Give the listing again, word for word, and let no picture into it.

— Data segment —
-- Opening Marker --

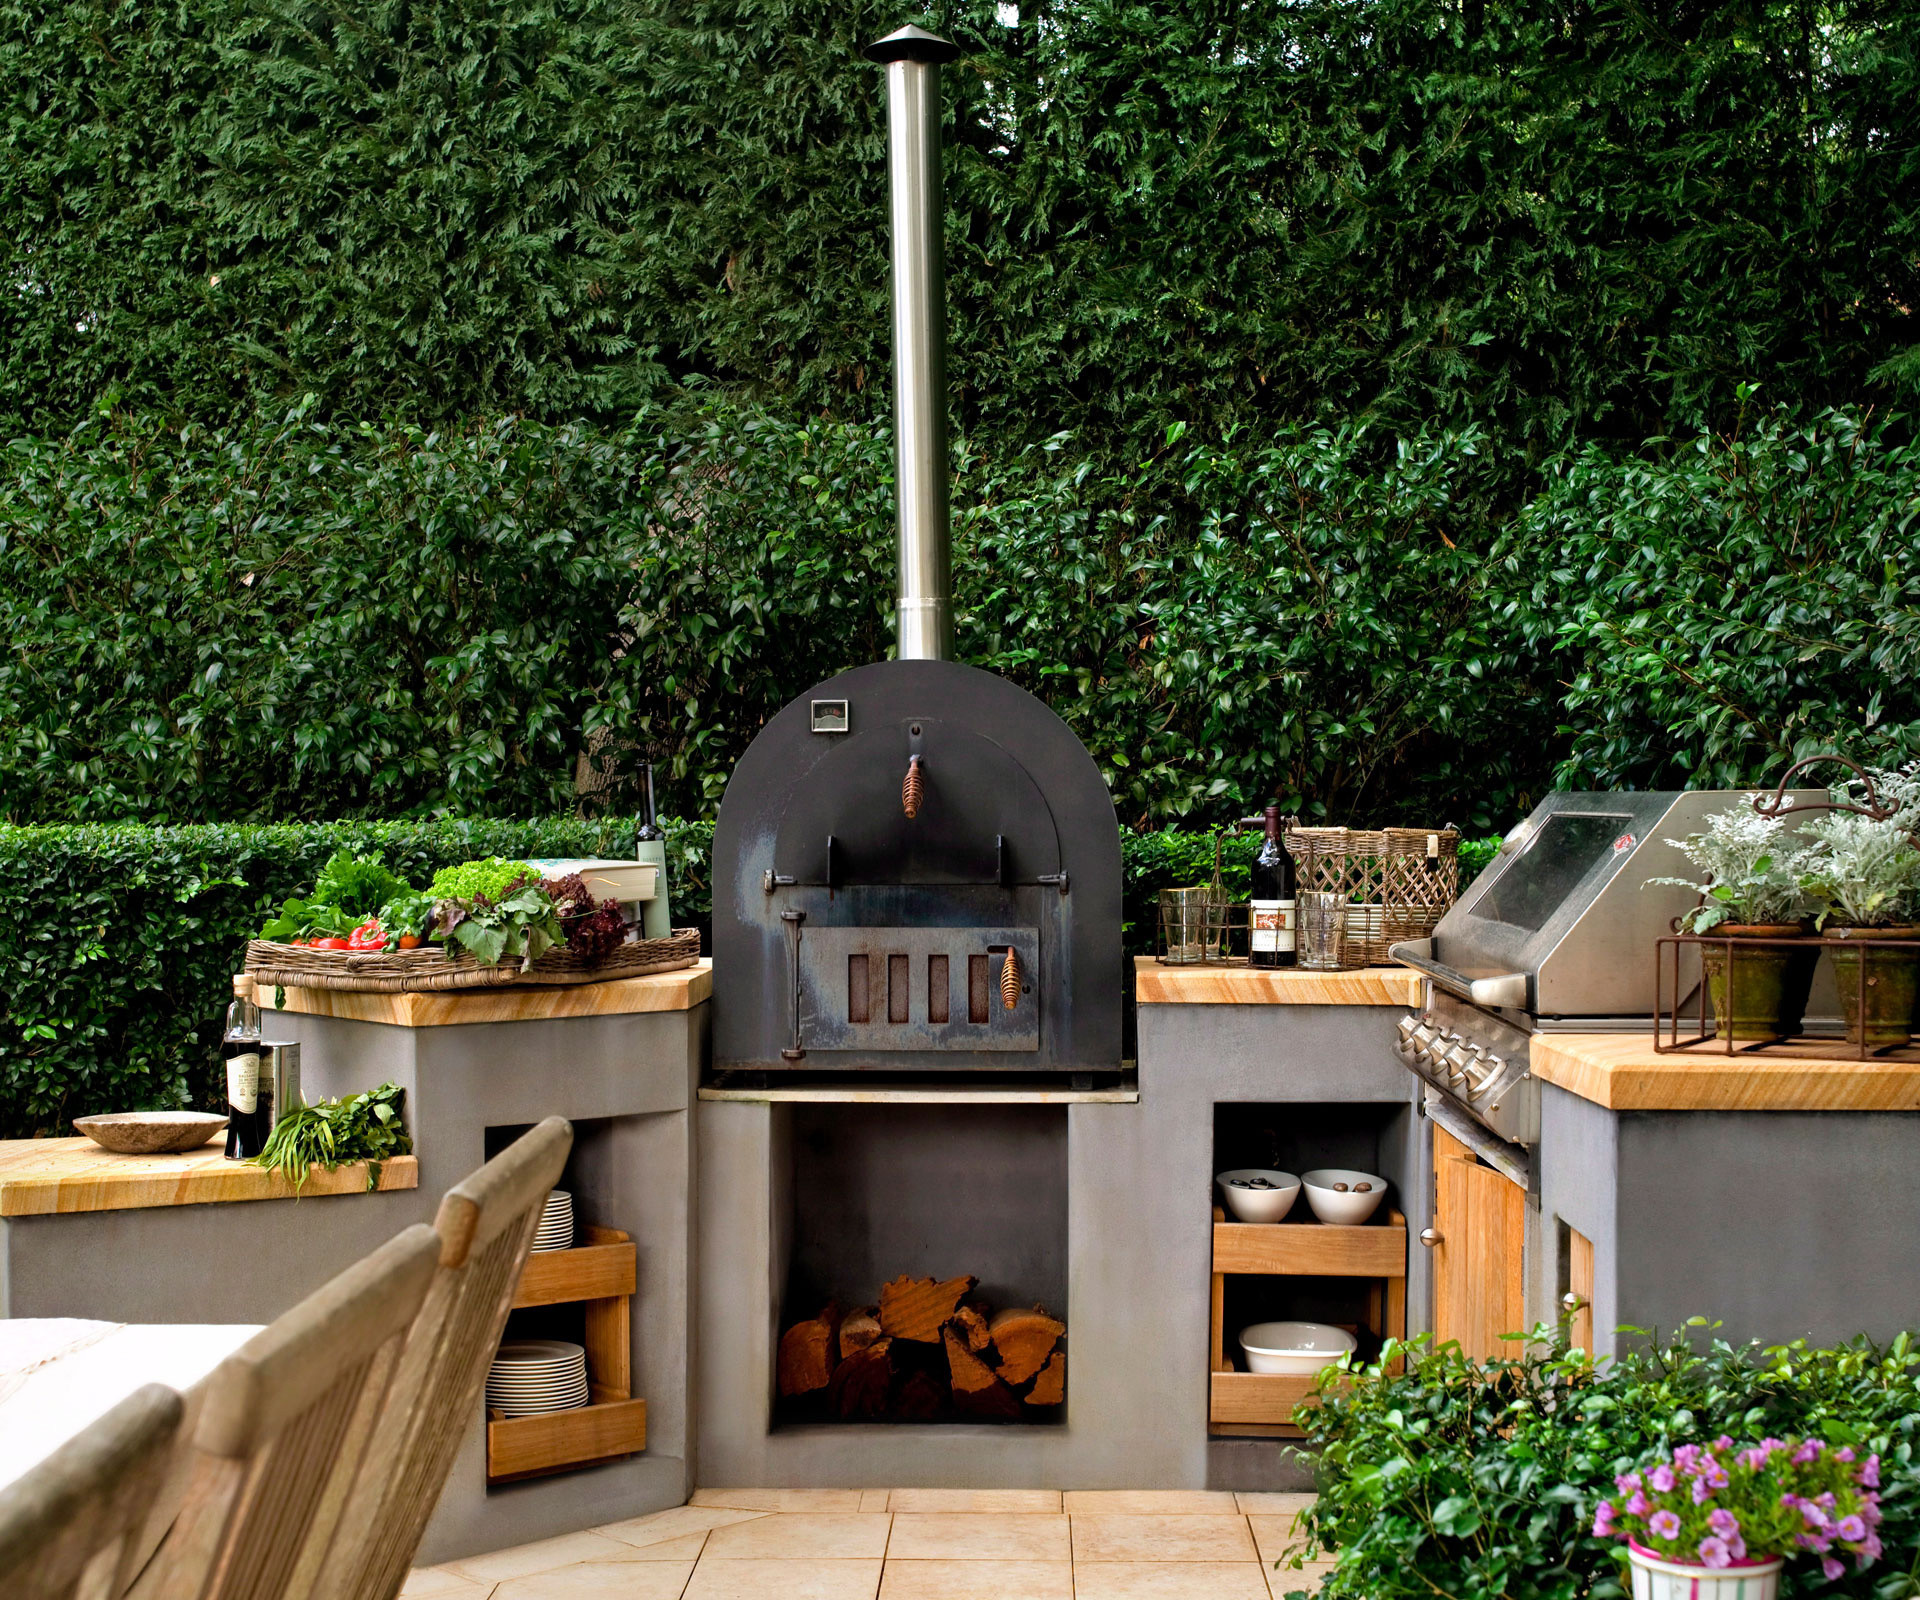 Build Your Own Outdoor Kitchens
 How to create your own outdoor kitchen
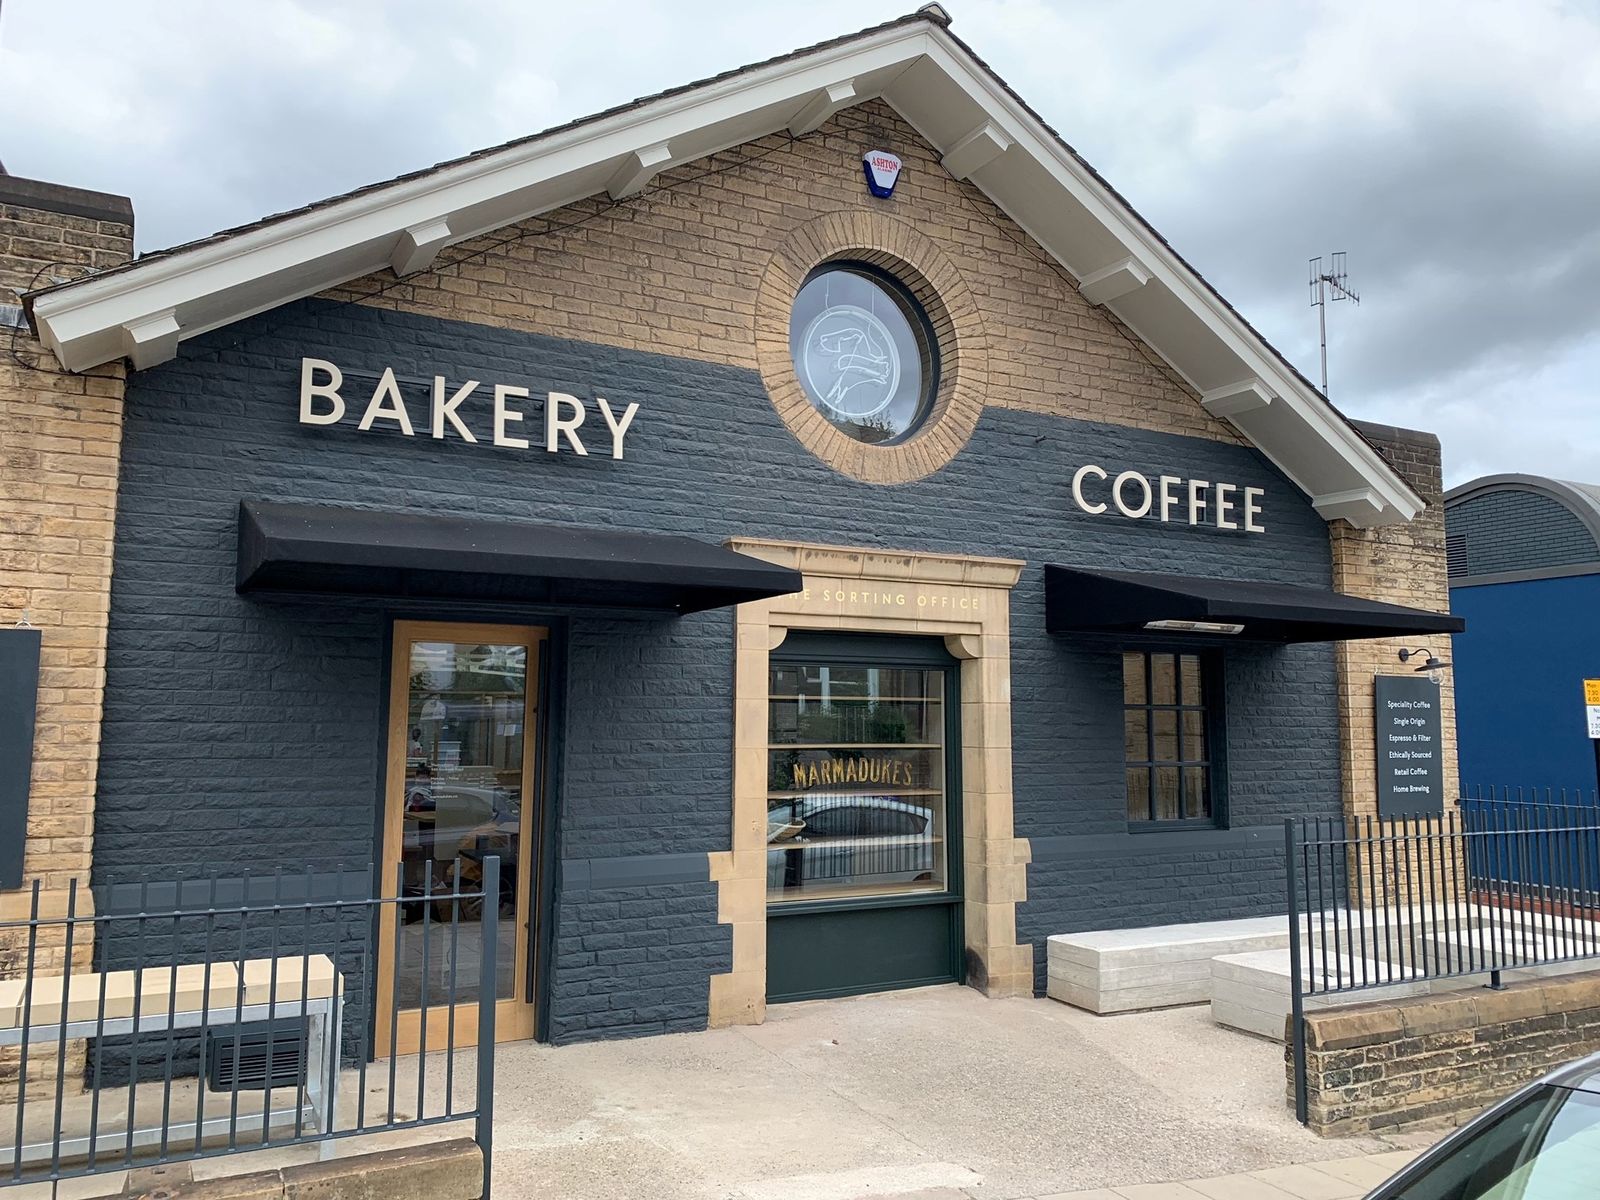 Popular Sheffield cafe launches third site as lockdown eases

-- Closing Marker --

— Exercise solution —
 Build Your Own Outdoor Kitchens
 How to create your own outdoor kitchen
 Popular Sheffield cafe launches third site as lockdown eases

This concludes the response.